◆ PROBLEM TO WORK ON
The answer must consist solely of the lines from the one with "Fotografie, Carl Hertel" through the last line of the data, copied exactly, with no pictures.

◆ RECORDED DATA
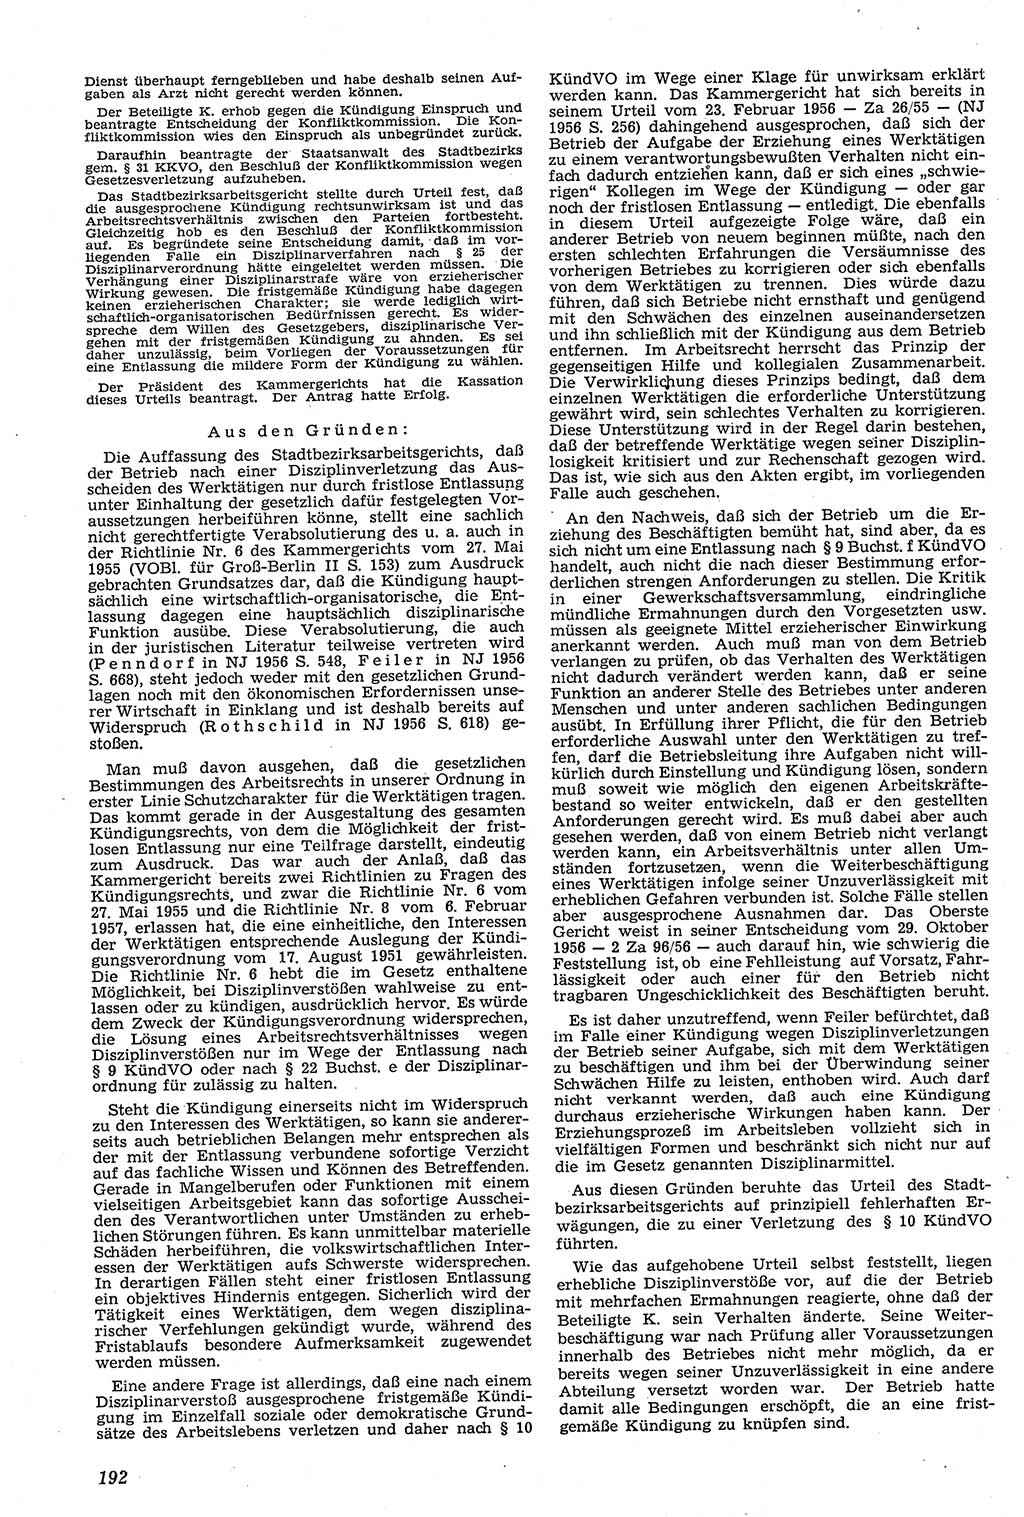 Neue Justiz (NJ), Zeitschrift für Recht und Rechtswissenschaft [Deutsche Demokratische Republik (DDR)], 11. Jahrgang 1957, Seite 192 (NJ DDR 1957, S. 192)
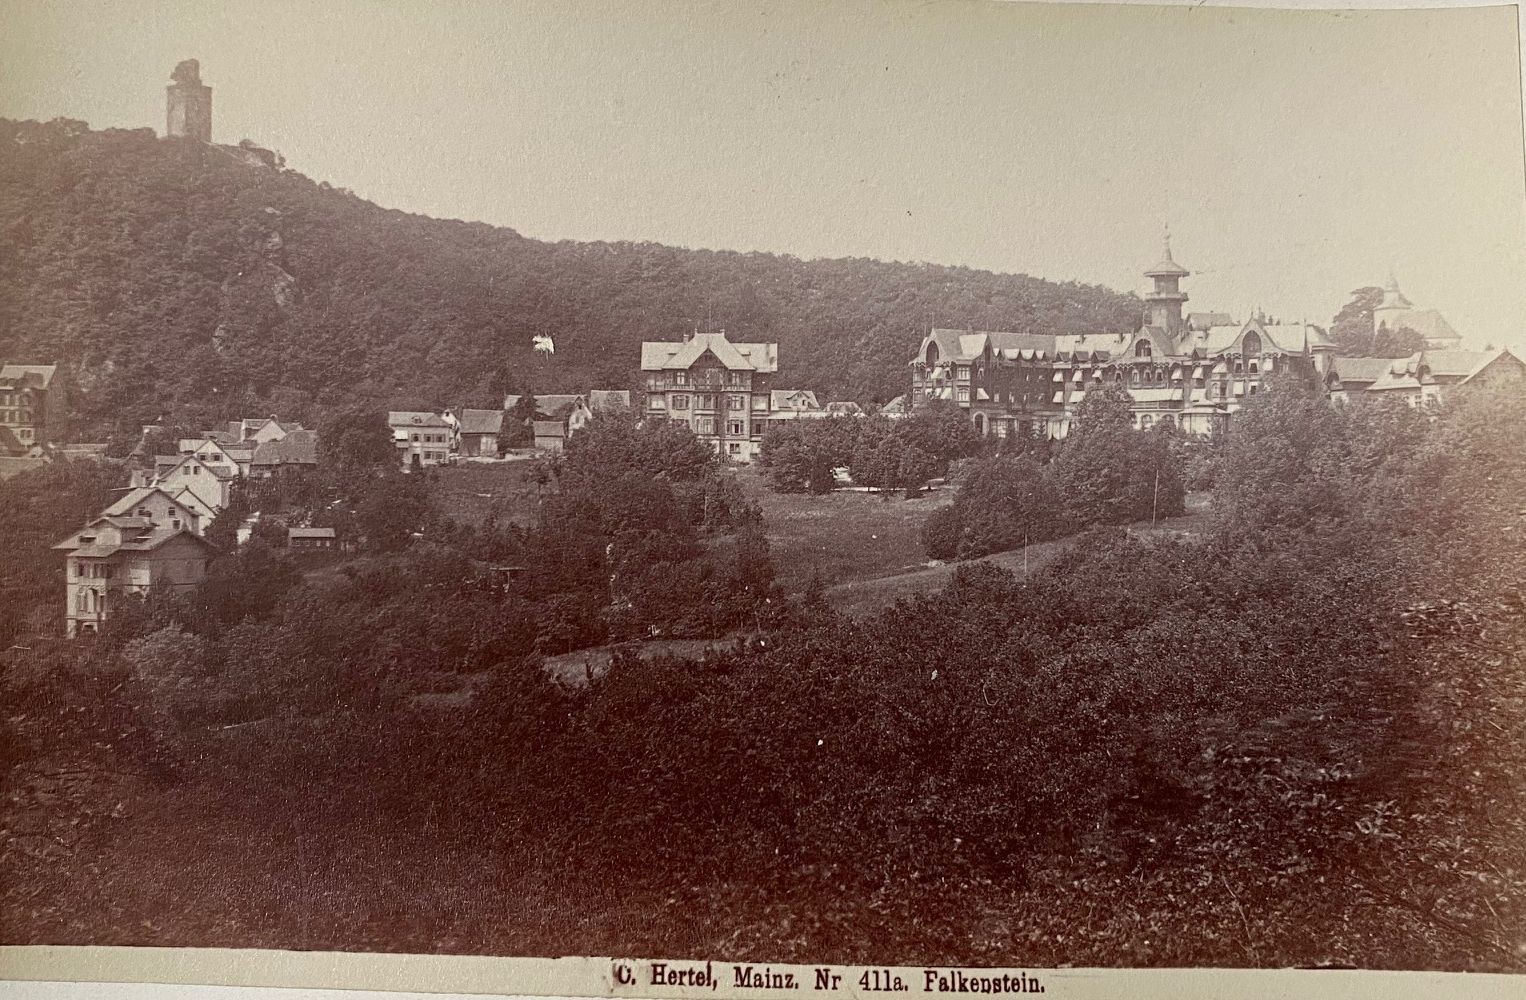 Fotografie, Carl Hertel No. 411a, Falkenstein, ca. 1885 (Taunus-Rhein-Main - Regionalgeschichtliche Sammlung Dr. Stefan Naas CC BY-NC-SA)
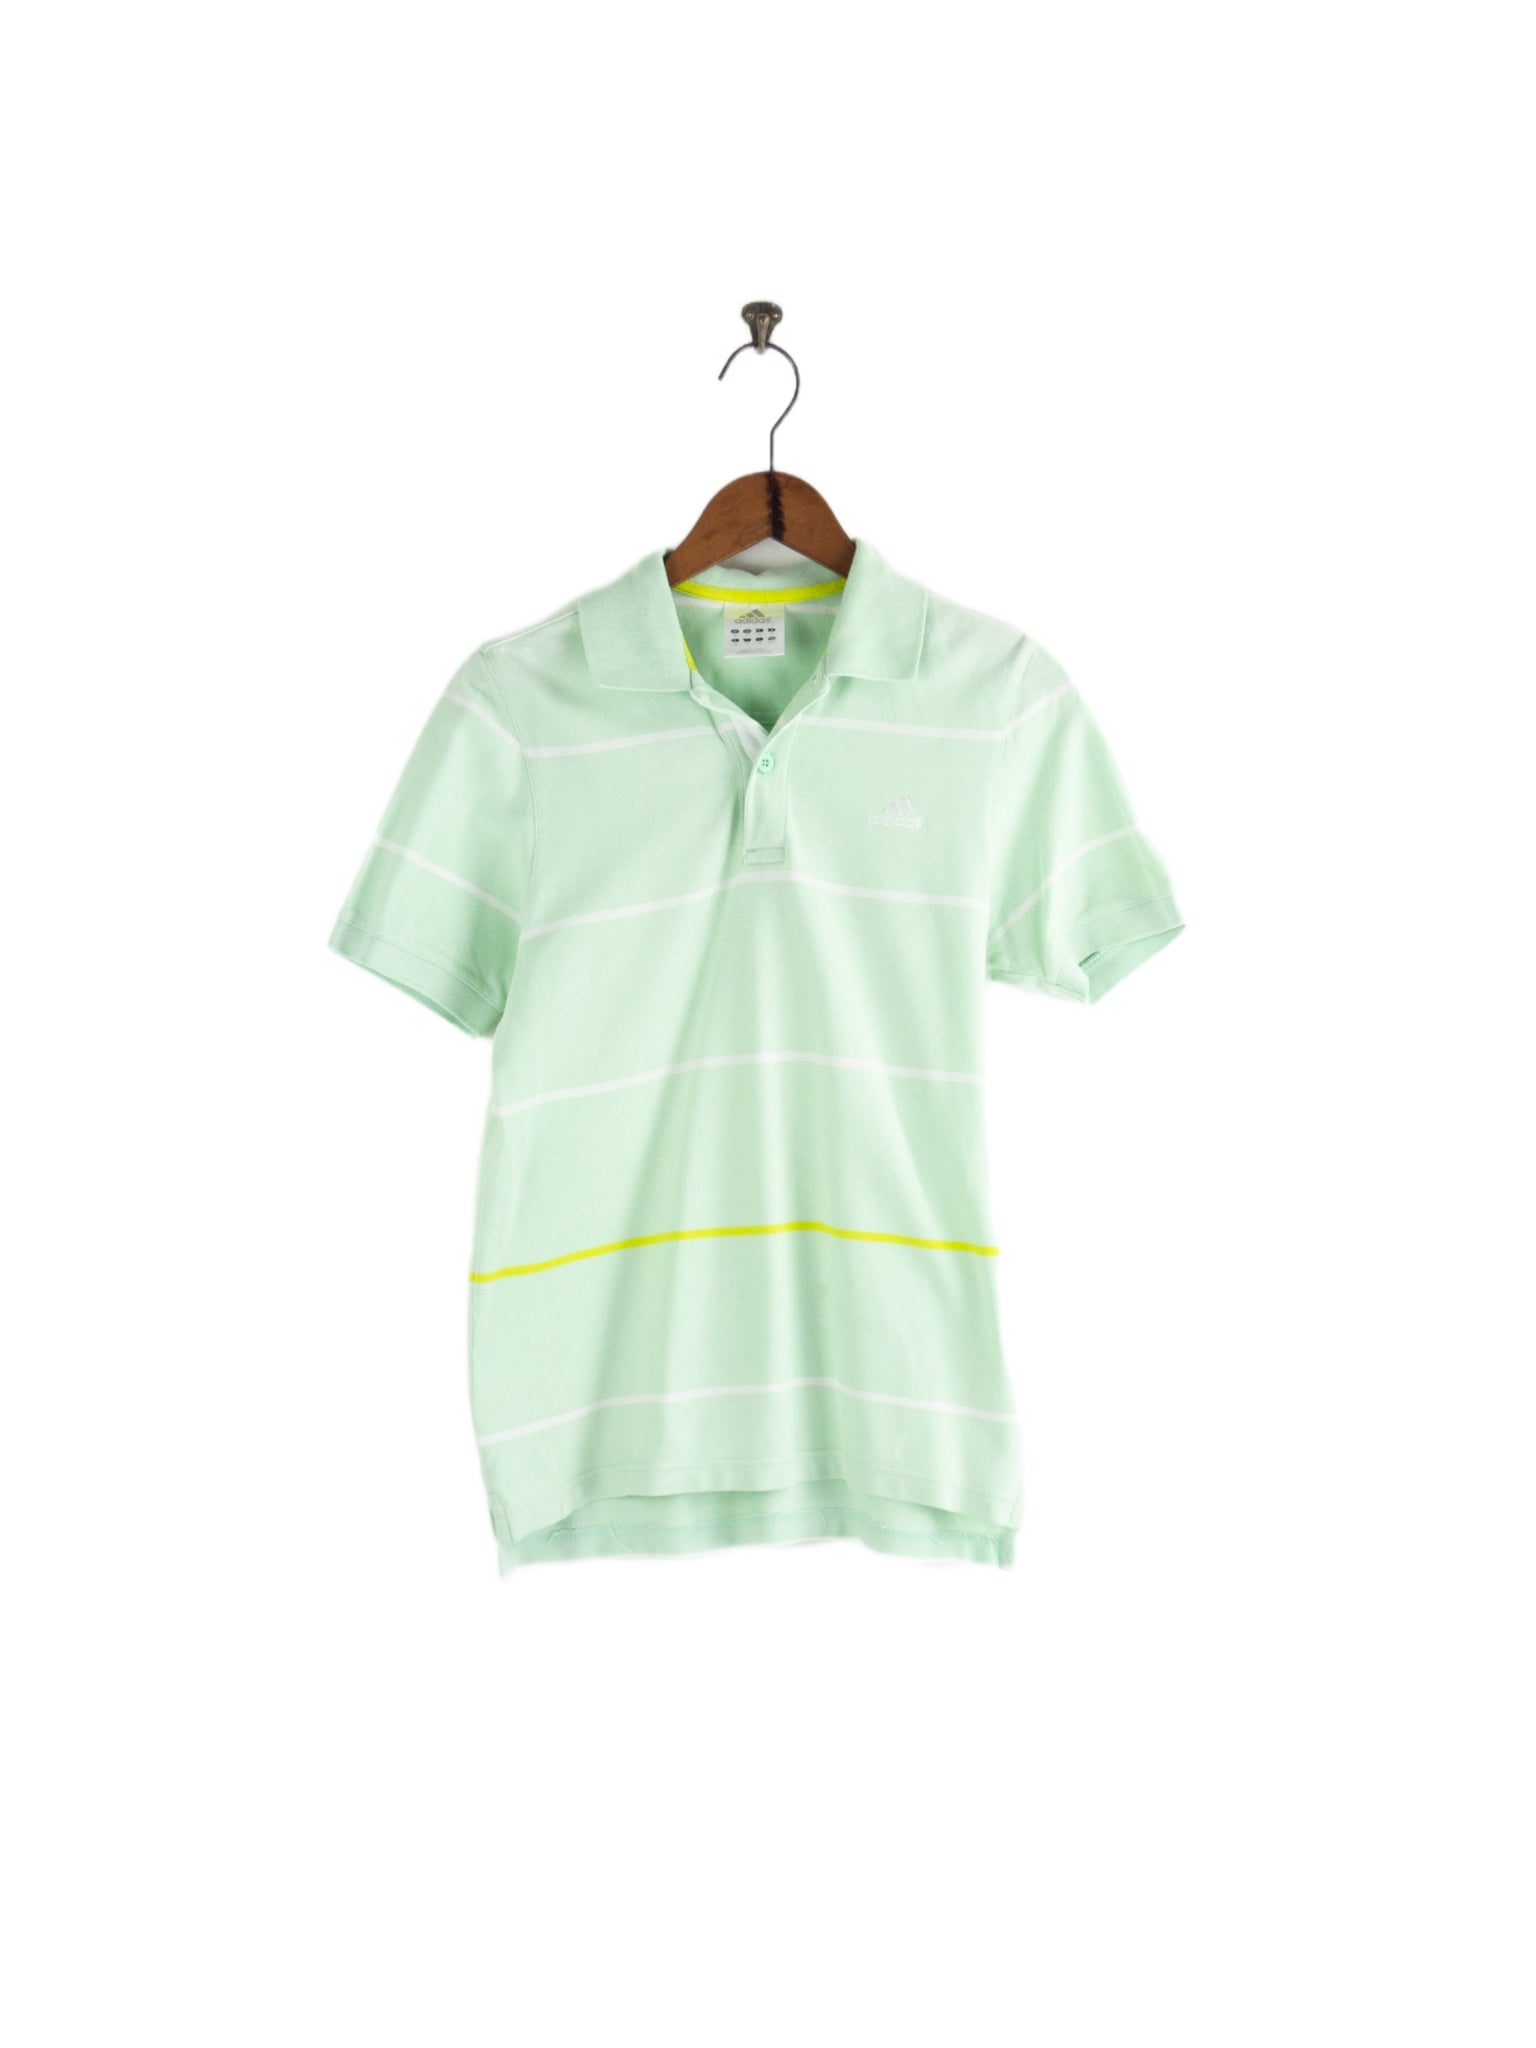 Adidas mintgrünes Poloshirt S

◆ WORKED SOLUTION
 Fotografie, Carl Hertel No. 411a, Falkenstein, ca. 1885 (Taunus-Rhein-Main - Regionalgeschichtliche Sammlung Dr. Stefan Naas CC BY-NC-SA)
 Adidas mintgrünes Poloshirt S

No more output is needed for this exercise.